Côtoyez-vous ou avez-vous déjà côtoyé des gens qui sont « malades »? Et par « malades », je veux dire : plus capables d'aller travailler, peur d’aller dans un show, douleur à une ou plusieurs parties de leur corps sans nécessairement avoir un diagnostic quelconque. Votre premier réflexe est-il de penser qu'ils essaient d’attirer l’attention? Qu'ils sont des fakeux de première, ou bien qu'ils sont juste carrément lâches?

Ouais, malheureusement, ça nous arrive de penser ainsi.
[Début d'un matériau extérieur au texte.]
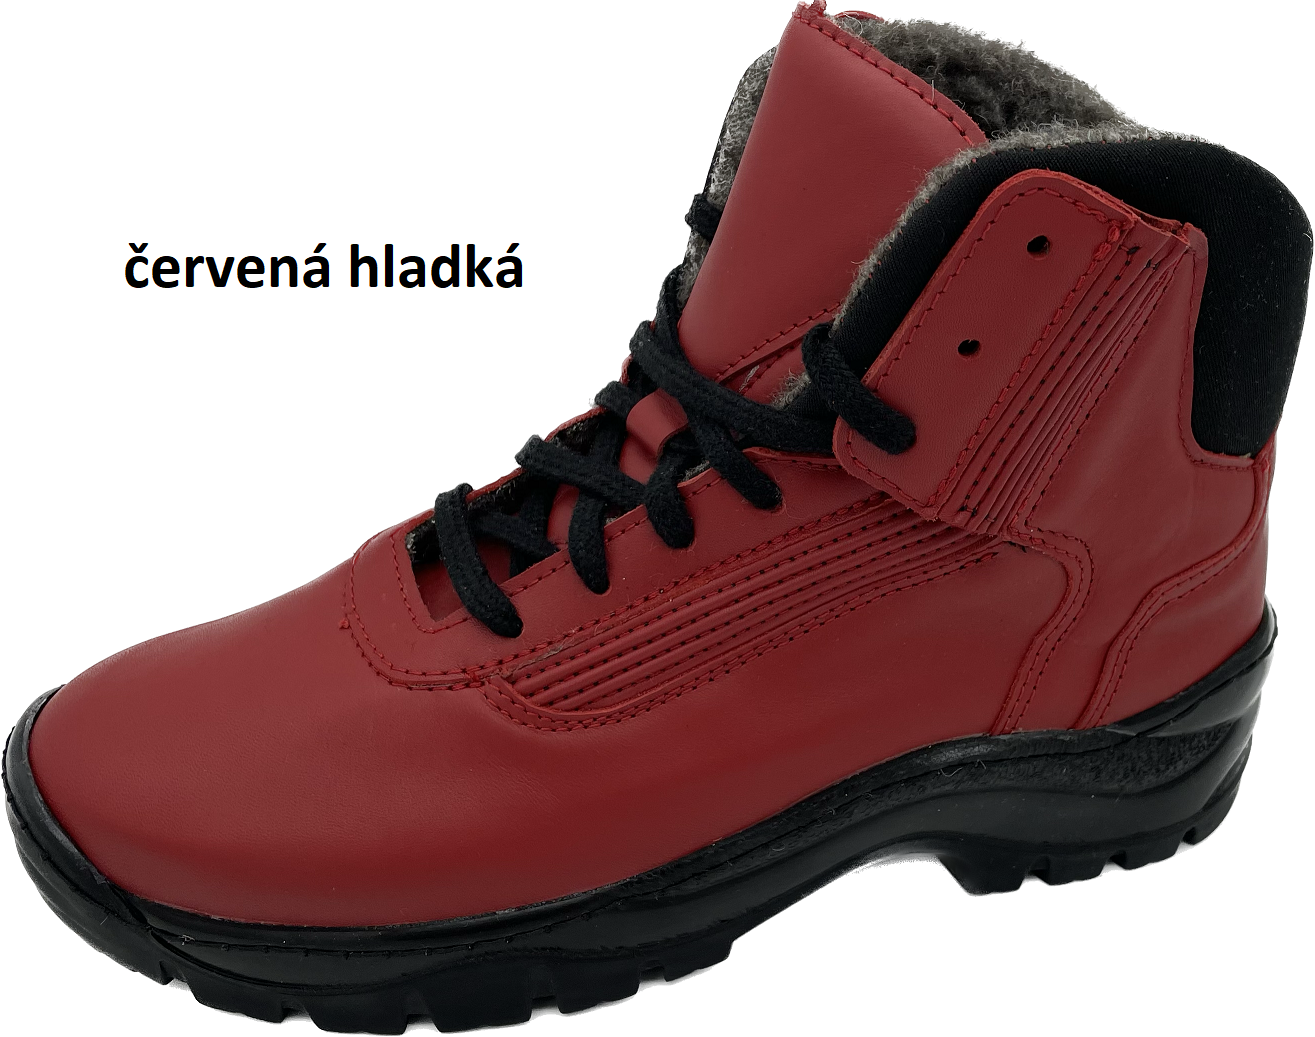 Boty Hanák TREKING Barva usně: červená hladká, Velikosti obuvi: 45

Pourquoi? Parce que c'est un peu normal. Des préjugés, nous en avons tous (oui, oui!). Qu'est-ce qu'un préjugé? C'est un jugement que nous portons envers une personne ou une situation avant même de connaître le contexte. Il faut quand même garder en tête, très chères amies, que ce comportement n'est pas adéquat dans la vie en général!

MAIS, après le préjugé, il y a l'étape suivante : celle où nous ne faisons preuve d'aucune empathie. L'empathie, c'est être capable de se mettre à la place d'autrui. C'est l’étape où nous ne nous sommes pas arrêtées à nous poser la question suivante : « Est-ce que cette personne “malade” donnerait TOUT pour avoir ma qualité de vie au lieu de la sienne? Cette vie qui ne la limitera pas dans ses sphères personnelles et professionnelles? ».

Parce que, t'sais, pendant que nous allons voir notre huge show de Céline au Centre Bell pis que nous trippons ben raide, le « malade » donnerait tout pour être en état d'aller au TRH-Bar voir le band de son ou sa meilleur(e) chum… #AnxiétéSociale #Agoraphobie #Claustrophobie

Parce que, t'sais, pendant que nous vaquons à nos occupations en allant faire du magasinage et en nous occupant de nos kids, le « malade » aimerait être en état de sortir de son lit et simplement aller prendre un bon bain chaud. Mais il va rester au lit et pleurer à chaudes larmes, parce que sa tête lui dit qu'il n'en sera pas capable… #Dépression #BurnOut #Sevrage

Parce que, t'sais, pendant que nous nous claquons un 30 heures par semaine au travail, le « malade » aimerait être en état d'en faire 35-40, voire même de dépanner des collègues qui en auraient besoin. Il se culpabilise de ne pas pouvoir le faire, mais même s'il le voulait de tout cœur, son corps, lui, n'est pas en mesure de le suivre… #MaladieAutoImmune #Cancer #MaladieDontVousNAvezPasBesoinDeSavoirLeNom
 
Là où je veux en venir avec tout ça, c'est que selon certaines études, l’empathie, celle que l’on a pour la condition générale d’une autre personne, se développe en principe dès l’âge de 6 ans. Selon d’autres études, elle serait même innée, mais doit tout de même être encouragée durant son éducation (évidemment, cela peut varier d'un individu à l'autre, selon le niveau de développement cognitif atteint et selon les expériences de vie). Ce qui me désole, c'est de constater que parfois les gens ne soient pas ouverts à la réalité des autres, alors qu'au cours d'une autre étude, lorsqu'une femme simule avoir une grosse peine parce qu'elle a brisé son ourson, un enfant de 18 mois lui tend un toutou de substitution et un jouet pour la consoler.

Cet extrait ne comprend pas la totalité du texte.